Stephanie Marsh, MPH, CCRC
Director Clinical Research at University of Arizona College of Medicine – Phoenix. Stephanie has been working as a Certified Clinical Research Coordinator for over 10 years. Prior to joining the team at the University of Arizona, Stephanie worked at Banner University Medicine Neuroscience Institute and Barrow Neurological Institute at St. Joseph Hospital and Medical Center. Her extensive background also extends into lab science where she served as the Lead Research Technician at Barrow’s. During this experience, Stephanie coordinated many research experiments ranging from protein extractions to cryosectioning brain tissue.
Tasia Long, MS
Clinical Team Manager at PPD, part of Thermo Fisher Scientific. A dedicated Research Program Manager with over 14 years of experience overseeing and conducting clinical research studies to include: protocol design, planning and execution; data management; and contract/grant proposal and peer-reviewed literature writing in the specialty areas of emergency medicine/trauma, rheumatology, psychiatry, pulmonology, and pulmonary oncology. Highly skilled in project management and capable of delegating responsibility while leading a team, managing subcontractors, and maintaining timelines and budgets. An articulate collaborator who is capable of motivating a multi-institutional team to enhance efficiency and productivity.
Terri Burghart, MBA
Director of Operations at Pinnacle Clinical Research. Experienced Research Operations Director with a demonstrated history of working in the clinical research industry. Skilled in Sales, Good Clinical Practice (GCP), Biotechnology, Psychology, Pharmaceutical Industry, and Clinical Research. Strong medical practice and research manager with a Master of Business Administration (MBA) from University of South Florida, Certification of Medical Practice Executives from the Medical Group Management Association (MGMA), and a history of certification in clinical research (CCRC).
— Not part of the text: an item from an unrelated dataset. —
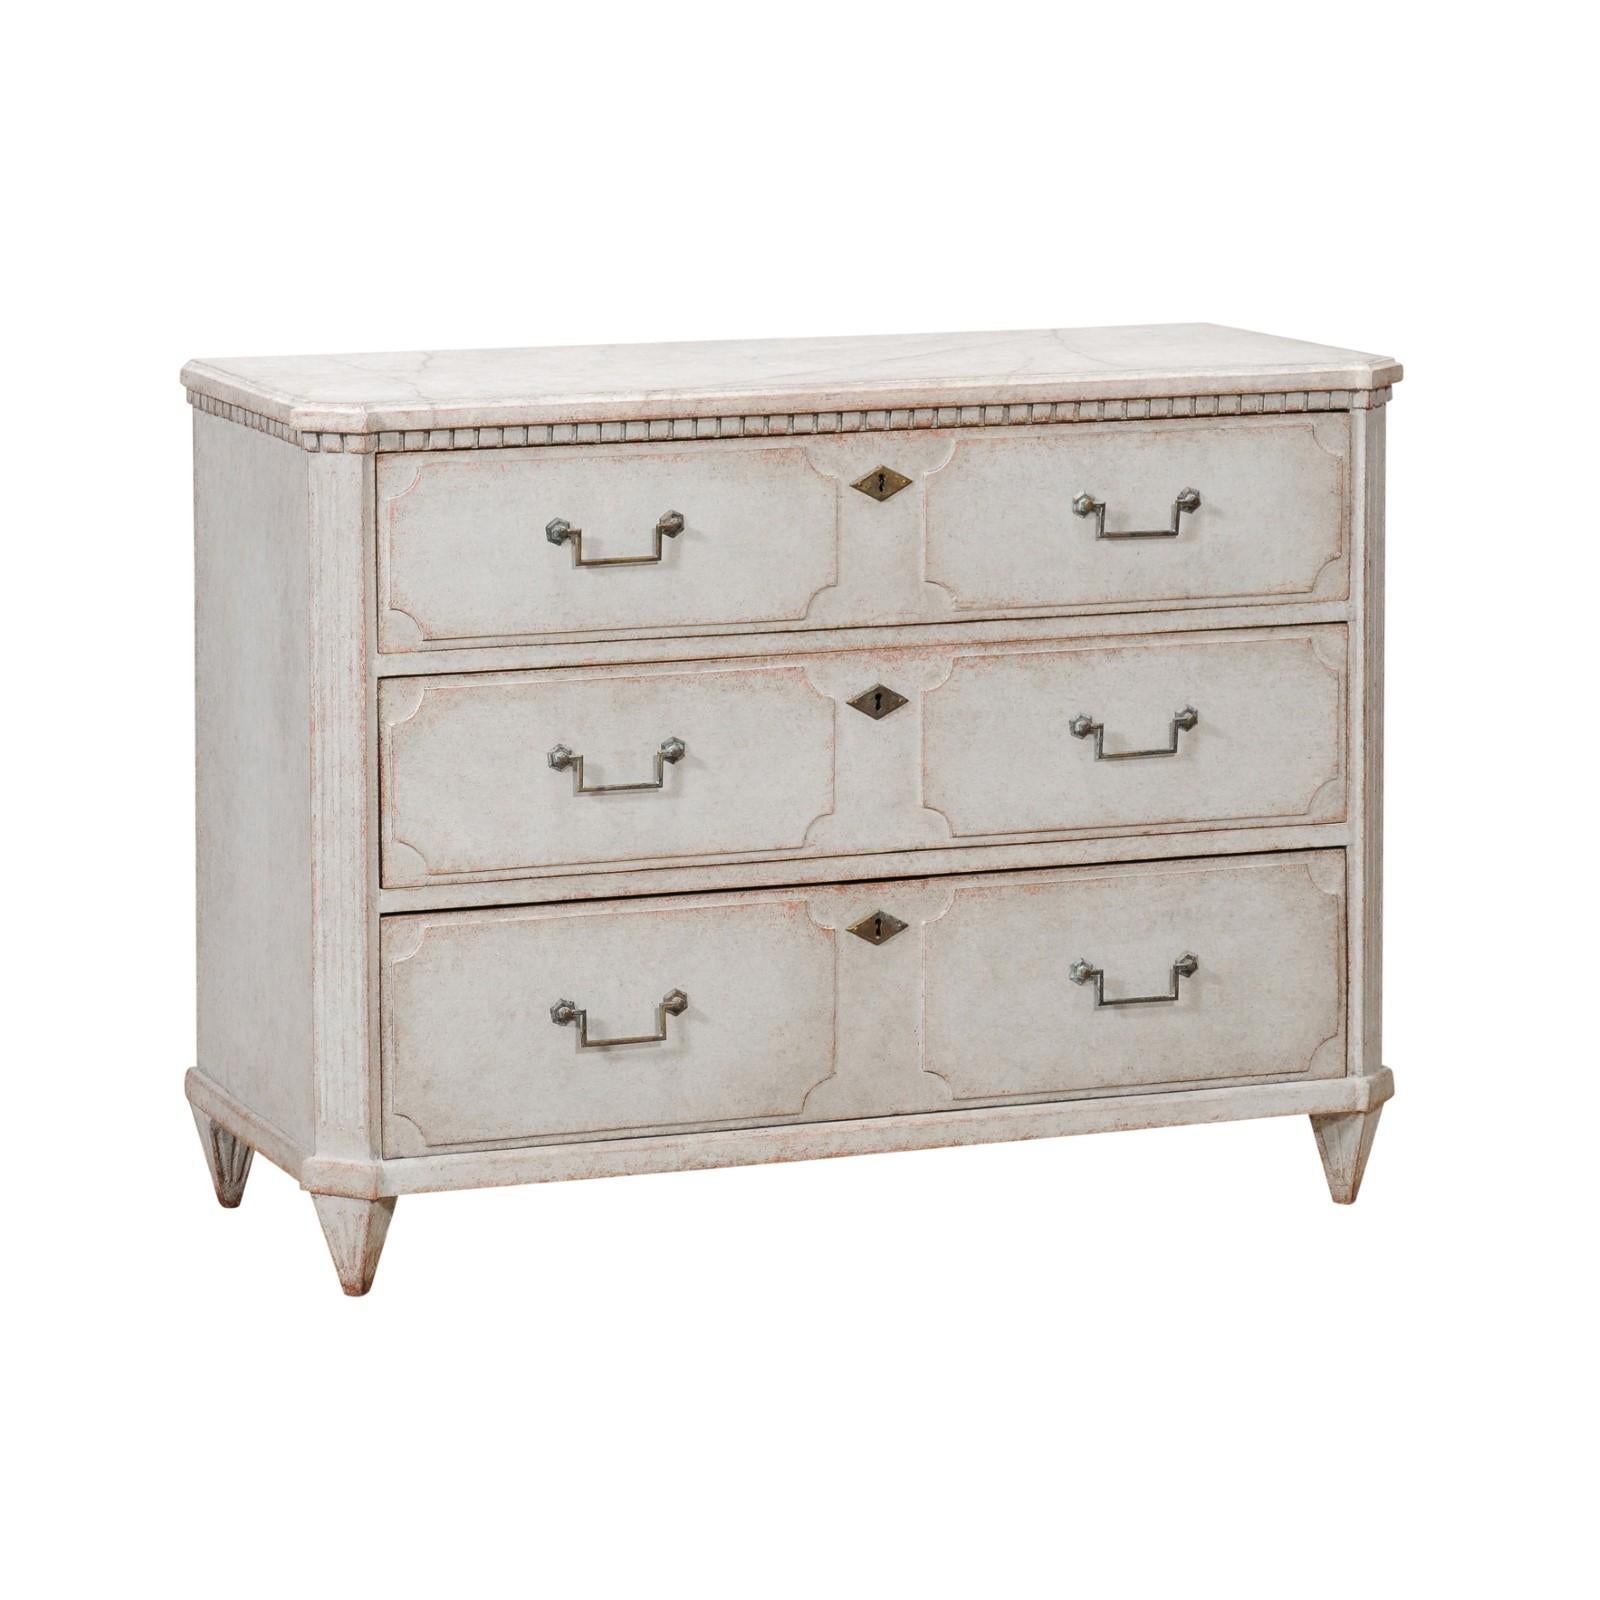 1860s Swedish Gustavian Style Painted Three-Drawer Chest with Dentil Molding 7

Tippi Hales, BSN, RN, CCRC
Manager, Nursing Solutions, Science 37. Tippi began her journey as a Clinical Research Coordinator in late 1999. She quickly recognized the desire to obtain her nursing degree, beginning with an Associate’s degree in 2005 and her BSN from the University of North Carolina at Wilmington in 2017. She has extensive knowledge in conducting Phase II-IV studies with a focus on Alzheimer’s disease, Multiple Sclerosis, Parkinson’s disease, stroke, sleep disorders, epilepsy, and migraine, in both the adult and pediatric populations.
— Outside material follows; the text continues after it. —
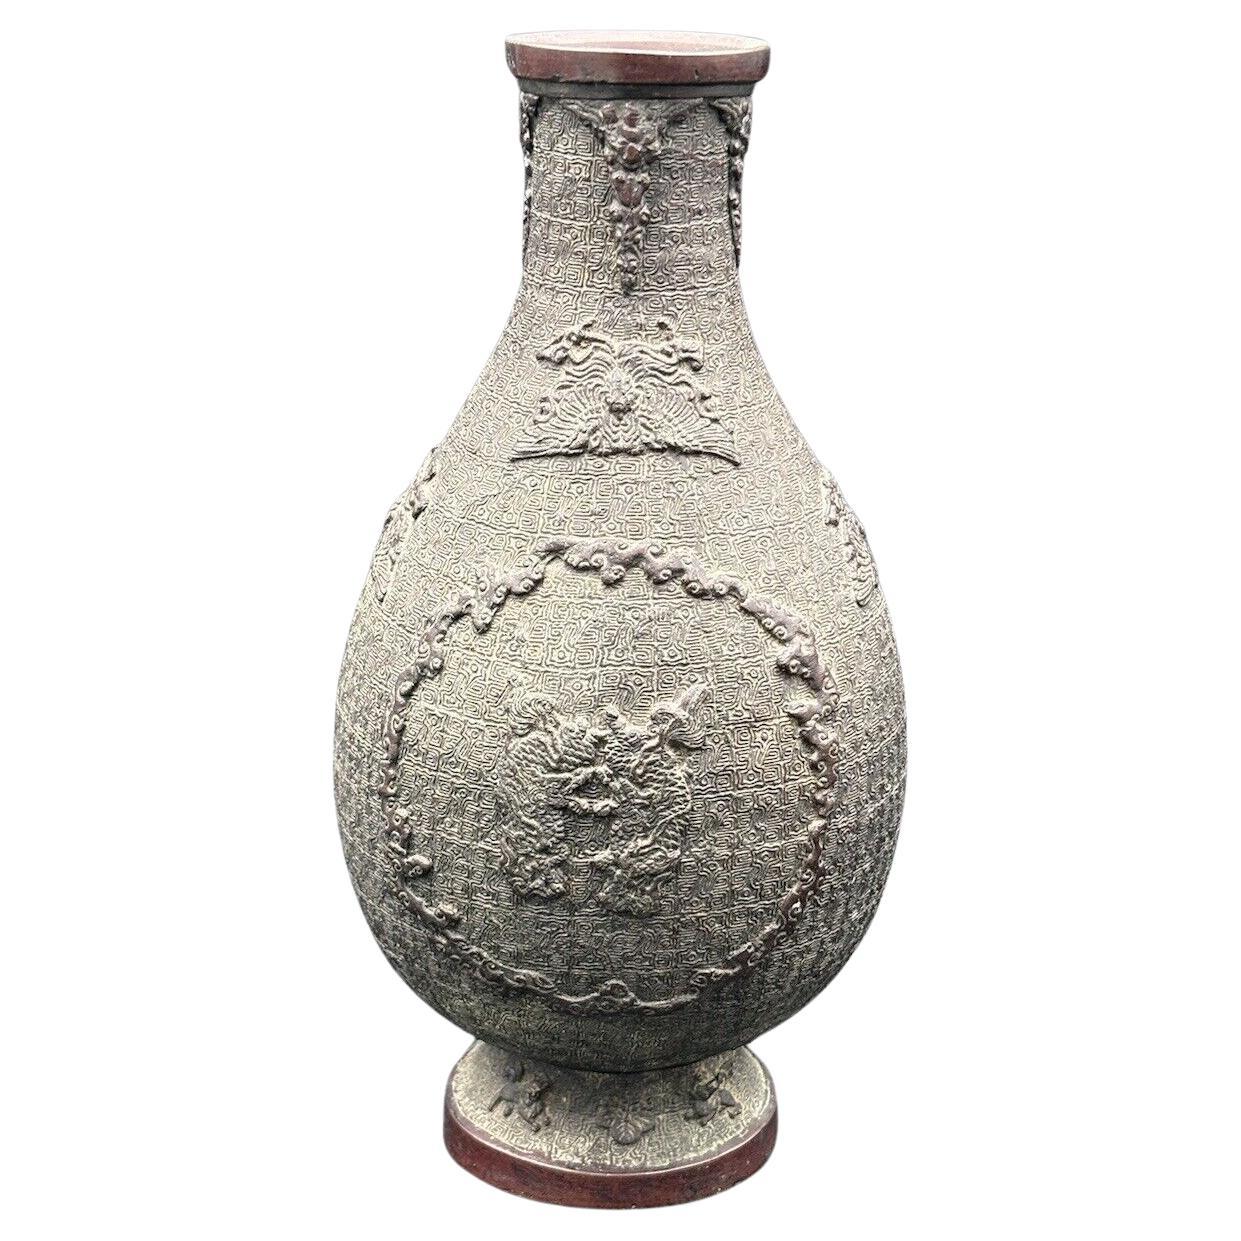 Large Bronze Ming Dynasty Ming Dynasty Vase Geometrically Decorated Archaic 15th Century

Wes Williams, CCRC, CRP, CPLC
Director of Operations, Drug Studies America. Wes has an extensive background and knowledge of clinical research where he created business and marketing plans to enable research companies to grow in both profitability and organization. He enjoys mentoring and helping others grow in clinical research. Wes has over 10 years of experience in clinical research, and has worked on over 140 clinical trials in the following areas: glaucoma, cataract, retina, dry eye, eyelash growth, Meibomian gland dysfunction, diabetes, gout, hypertension, chronic obstructive pulmonary disease, vaccines, Alzheimer, migraine, Dravet syndrome, Lennox Gastuat syndrome, headache, migraine, Tourette syndrome, spasticity, and ADHD.
William Jones, BS, CCRP
Chief Operating Officer at Ventavia Research Group. William Jones, CCRP received his degree in Health Education Interdisciplinary Biology and Music from Texas A&M. William has worked in research since 2003. He has worked on numerous trials and enjoys sharing his passion and exuberance for helping advance medicine through research. In his spare time, he loves spending time with his wife and kiddos!
Vanessa Tanner, CCRC
Clinical Study Manager at W. L. Gore & Associates. Vanessa has over 16 years of experience with expertise in study phases II through IV in the areas of sleep, burn, pediatrics, oncology, and allergies.
Yoga Pandya, BSC
Associate Director Regulatory Affairs at Banner Health.